Provided by gailanng
Categories Dessert
Time 2h4m
Yield 8-10 serving(s)
Number Of Ingredients 15
Steps:
- To make Pecan Praline Powder:
- Prepare a jelly roll pan by lining with foil and buttering the bottom.
- Combine 1/2 cup water with 1/2 cup granulated sugar in a heavy bottomed skillet over high heat and cook until the mixture begins to turn a light caramel color (about 8 minutes). When sugar becomes caramel colored, quickly add 1/2 cup toasted chopped pecans and mix with a wooden spoon until nuts are covered with caramel.
- Take off heat and immediately pour mixture onto the buttered foil-lined jelly roll pan, spreading out the hot sugar-nut mixture. Allow it to cool. Once it cools completely, break it into pieces and pulverize in a food proccesor. Grind it a bit coarsely, so you can see nut bits, but that is a personal preference. Set aside.
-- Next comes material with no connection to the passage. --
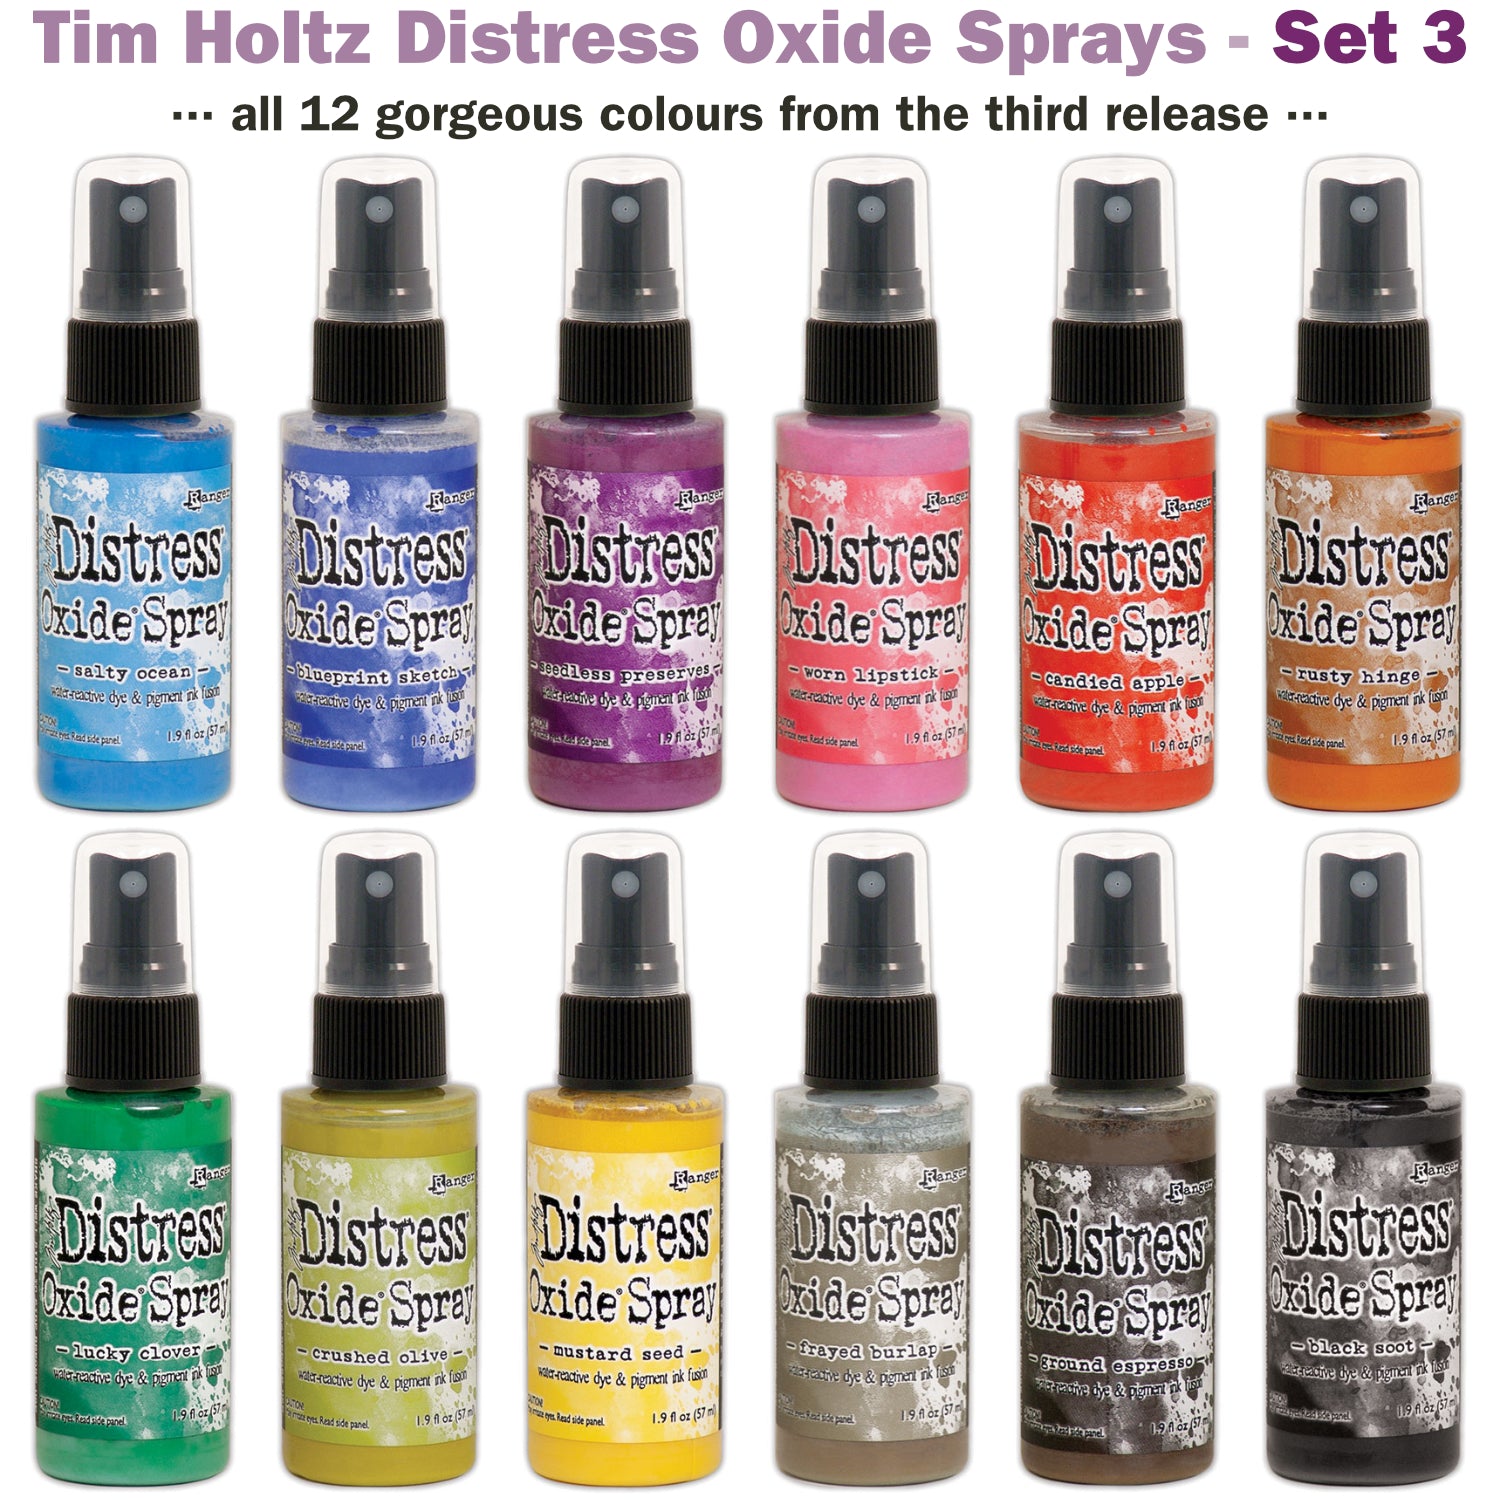 image showing Set 3 of the Distress Oxide Spray from Tim Holtz and Ranger, for sale at Art by Jenny in Australia

Makes about 2/3 cup.
- To Make Pound Cake: Preheat oven to 300 degree F.
- Grease, flour and sprinkle with finely chopped pecans (1/3 cup untoasted) a 10-inch tube pan.
- Cream together butter, shortening and sugar until fluffy. Blend in eggs one at a time, beating well after each addition.
- Add red food coloring and vanilla extract. In another bowl stir together flour, cocoa powder and baking powder.
- Beat flour mixture in three parts into creamed mixture, alternating with buttermilk. Begin and end with flour. Stir in chocolate chips and Pecan Praline Powder.
- Pour batter into prepared pan. Bake for 1 hour and 15 minutes or until toothpick tests clean. Cool 15 minutes in pan, then invert onto serving plate and allow to cool completely before serving. Dust with cocoa powder or confectioners sugar for a pretty presentation.